EUPG

class morl_baselines.single_policy.esr.eupg.EUPG(env: Env, scalarization: Callable[[ndarray, ndarray], float], weights: ndarray = array([1., 1.]), id: int | None = None, buffer_size: int = 100000, net_arch: List = [50], gamma: float = 0.99, learning_rate: float = 0.001, project_name: str = 'MORL-Baselines', experiment_name: str = 'EUPG', wandb_entity: str | None = None, log: bool = True, log_every: int = 1000, device: device | str = 'auto', seed: int | None = None, parent_rng: Generator | None = None)

Expected Utility Policy Gradient Algorithm.

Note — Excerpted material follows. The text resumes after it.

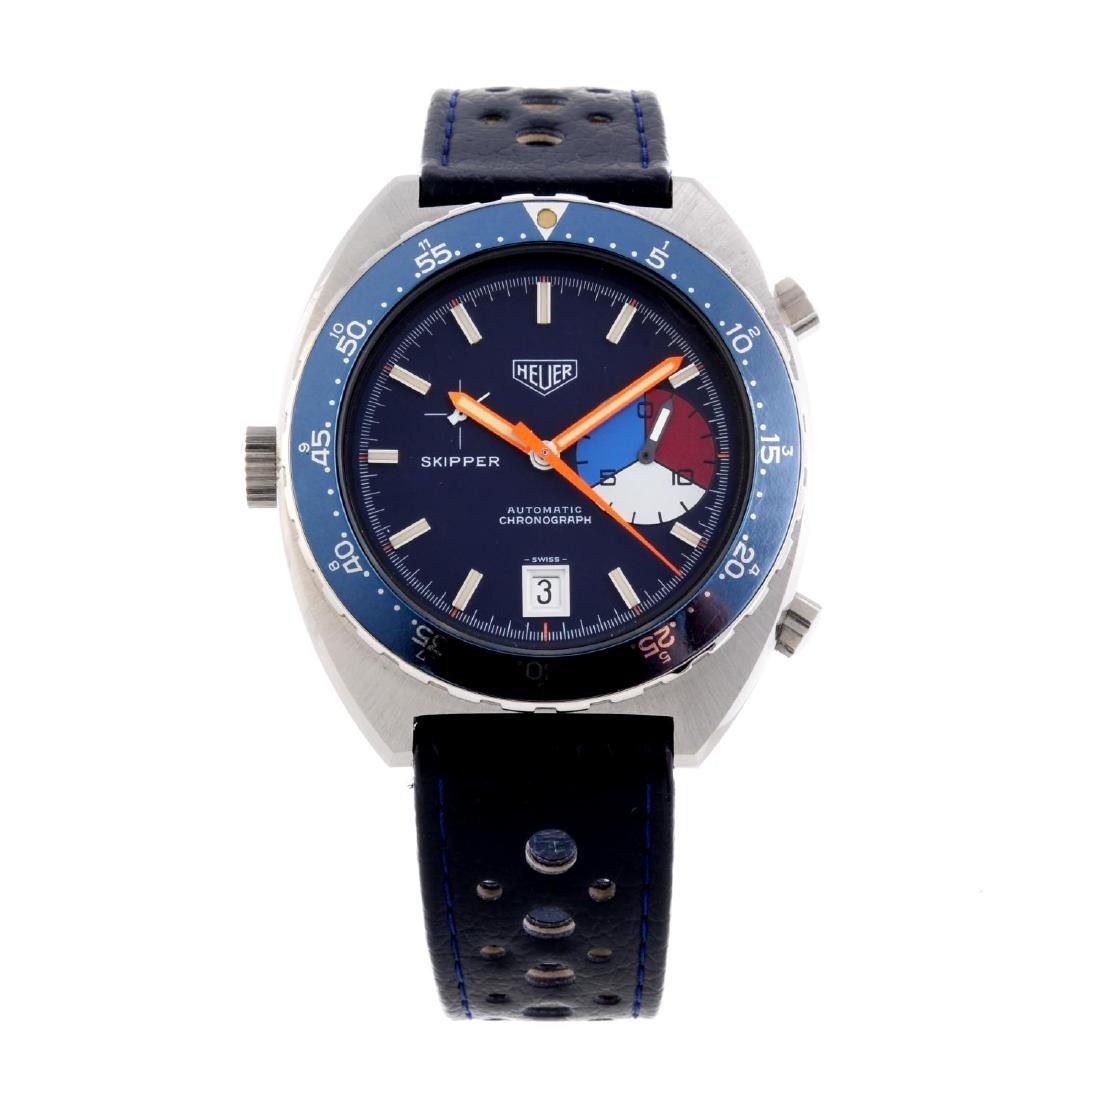 HEUER - a gentleman's Skipper chronograph wrist watch.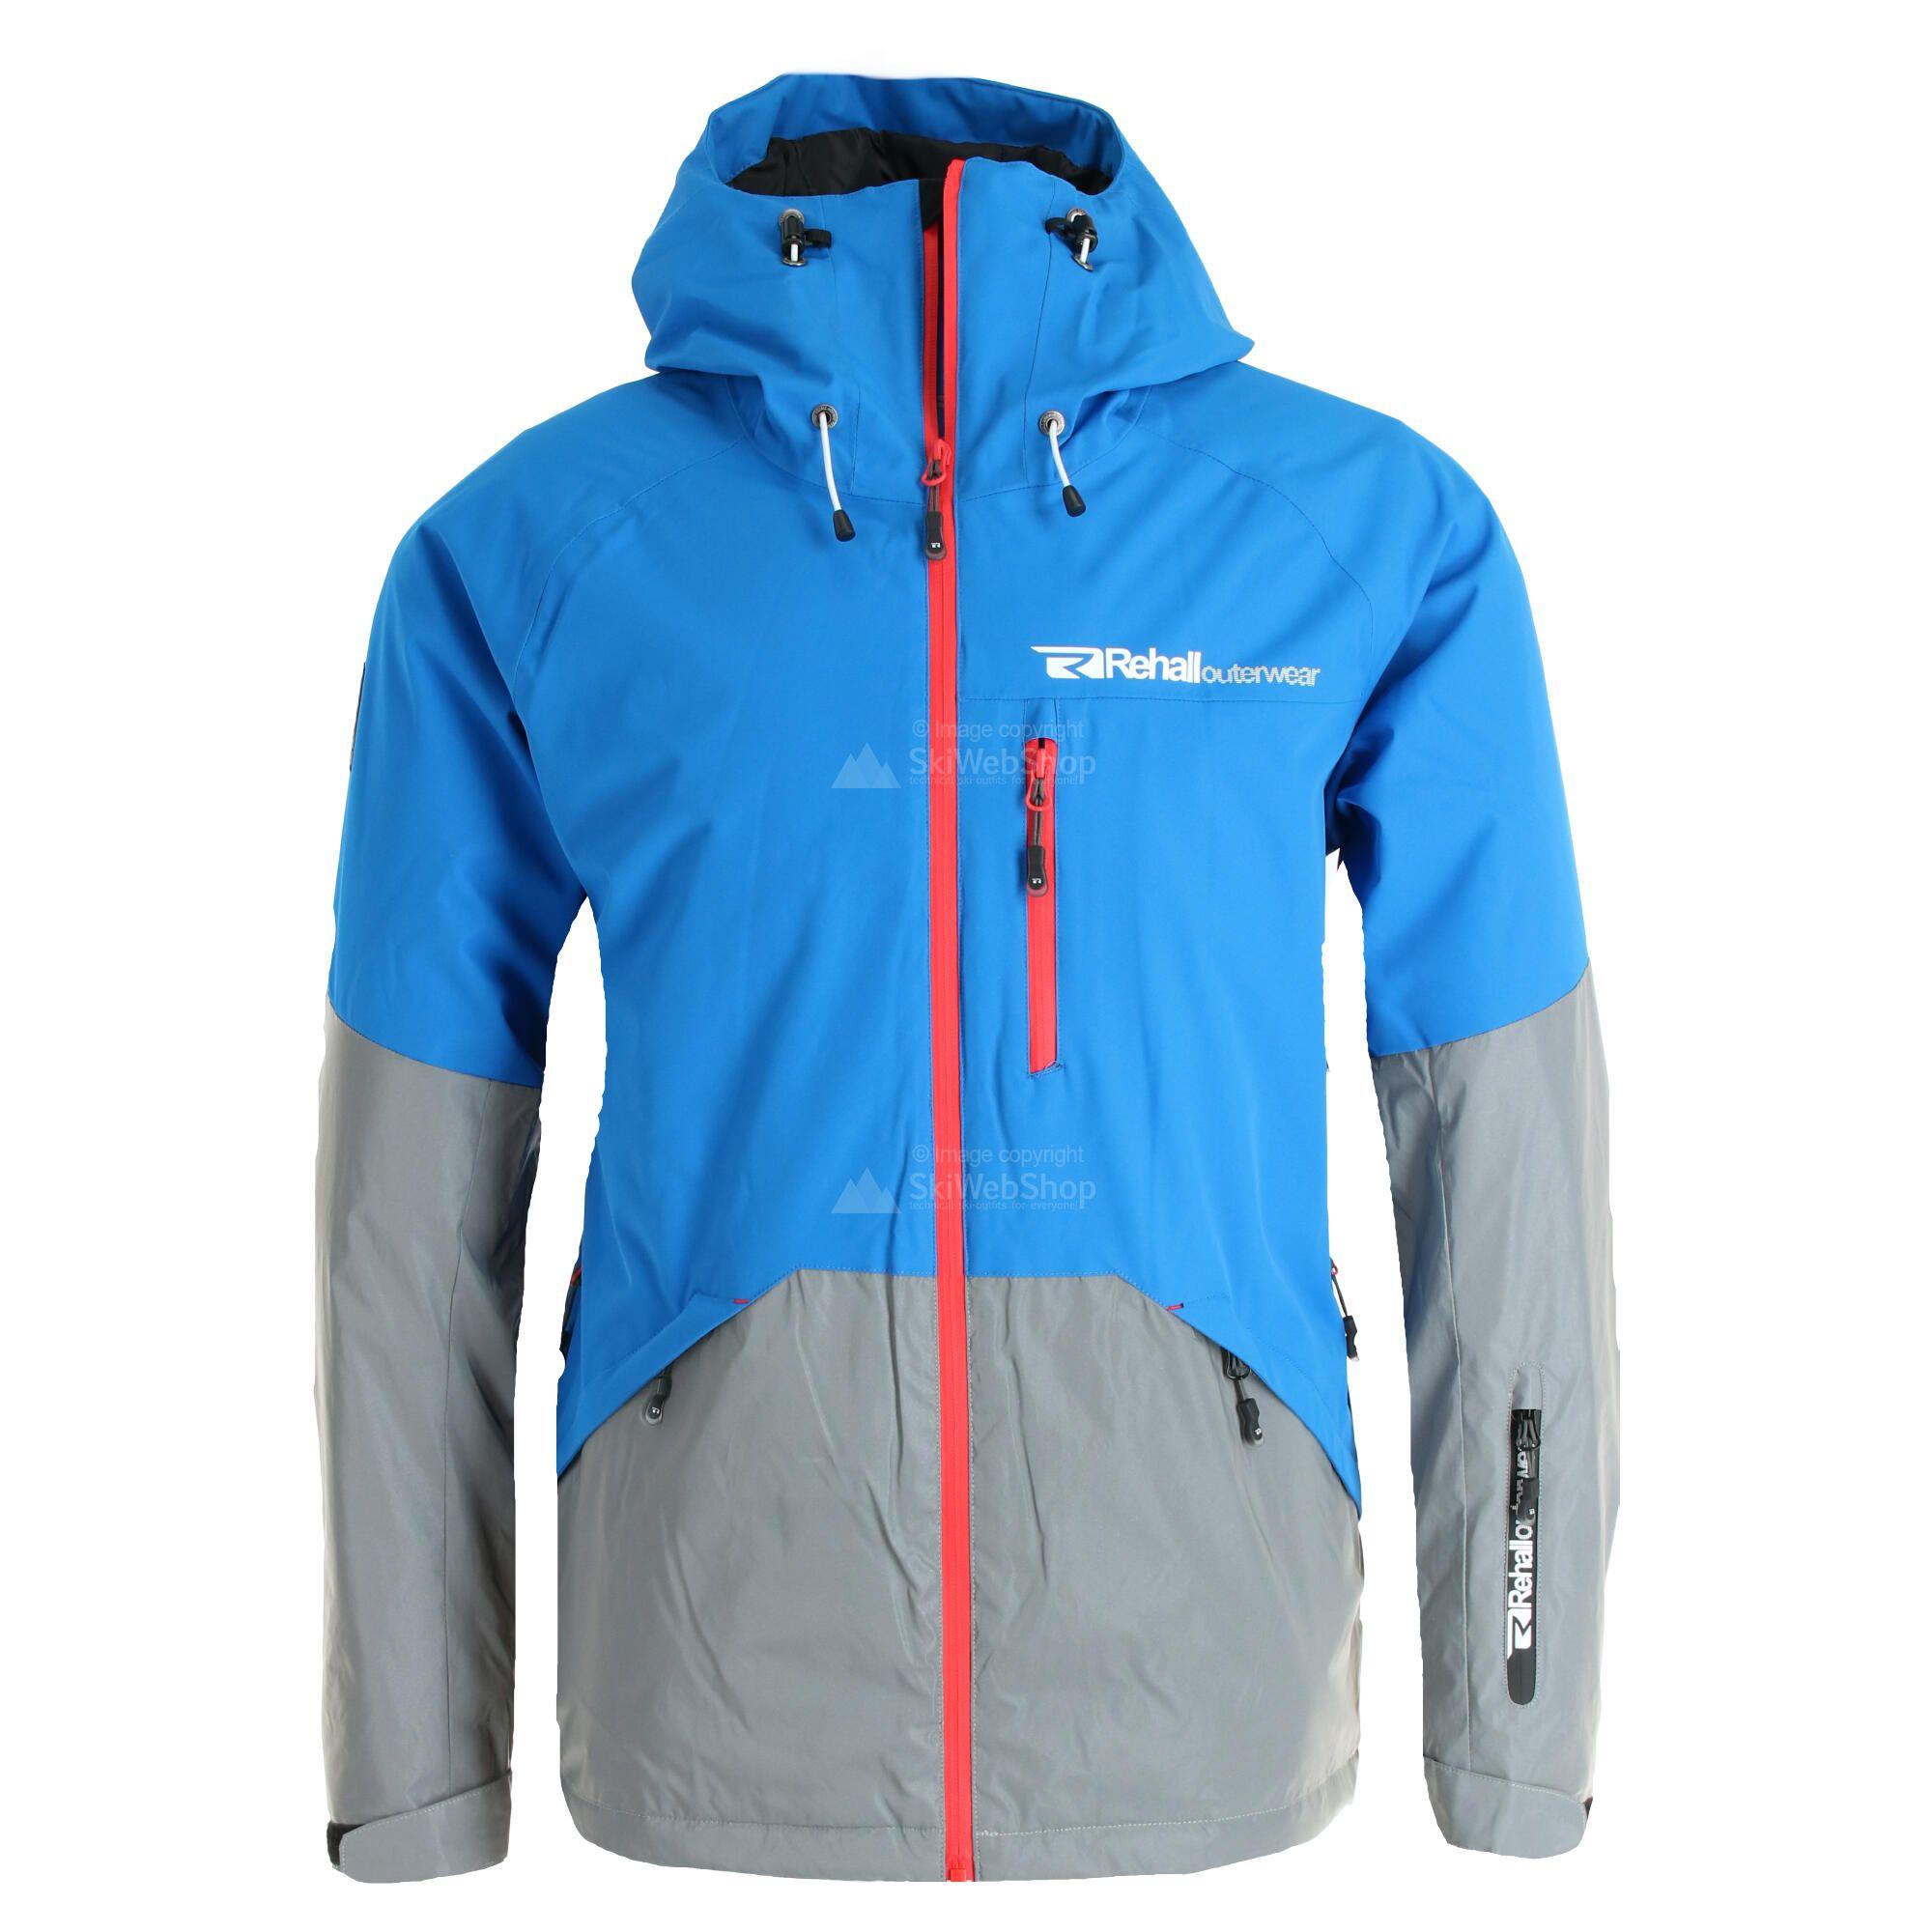 Rehall, Aspen, Skijacke, Herren, reflex blau

The idea is to condition the network on the accrued reward and to scalarize the rewards based on the episodic return (accrued + future rewards) Paper: D. Roijers, D. Steckelmacher, and A. Nowe, Multi-objective Reinforcement Learning for the Expected Utility of the Return. 2018.

Initialize the EUPG algorithm.

Parameters:
  • env – Environment

  • scalarization – Scalarization function to use (can be non-linear)

  • weights – Weights to use for the scalarization function

  • id – Id of the agent (for logging)

  • buffer_size – Size of the replay buffer

  • net_arch – Number of units per layer

  • gamma – Discount factor

  • learning_rate – Learning rate (alpha)

  • project_name – Name of the project (for logging)

  • experiment_name – Name of the experiment (for logging)

  • wandb_entity – Entity to use for wandb

  • log – Whether to log or not

  • log_every – Log every n episodes

  • device – Device to use for NN. Can be “cpu”, “cuda” or “auto”.

  • seed – Seed for the random number generator

  • parent_rng – Parent random number generator (for reproducibility)

eval(obs: ndarray, accrued_reward: ndarray | None) int | ndarray

Gives the best action for the given observation.

Parameters:
  • obs (np.array) – Observation

  • w (optional np.array) – weight for scalarization

Returns:

np.array or int – Action

get_buffer()

Returns a pointer to the replay buffer.

get_config() dict

Generates dictionary of the algorithm parameters configuration.

Returns:

dict – Config

get_policy_net() Module

Returns the weights of the policy net.

set_buffer(buffer)

Sets the buffer to the passed buffer.

Parameters:

buffer – new buffer (potentially shared)

set_weights(weights: ndarray)

Sets new weights.

Parameters:

weights – the new weights to use in scalarization.

train(total_timesteps: int, eval_env: Env | None = None, eval_freq: int = 1000, start_time=None)

Train the agent.

Parameters:
  • total_timesteps – Number of timesteps to train for

  • eval_env – Environment to run policy evaluation on

  • eval_freq – Frequency of policy evaluation

  • start_time – Start time of the training (for SPS)

update()

Update algorithm’s parameters (e.g. using experiences from the buffer).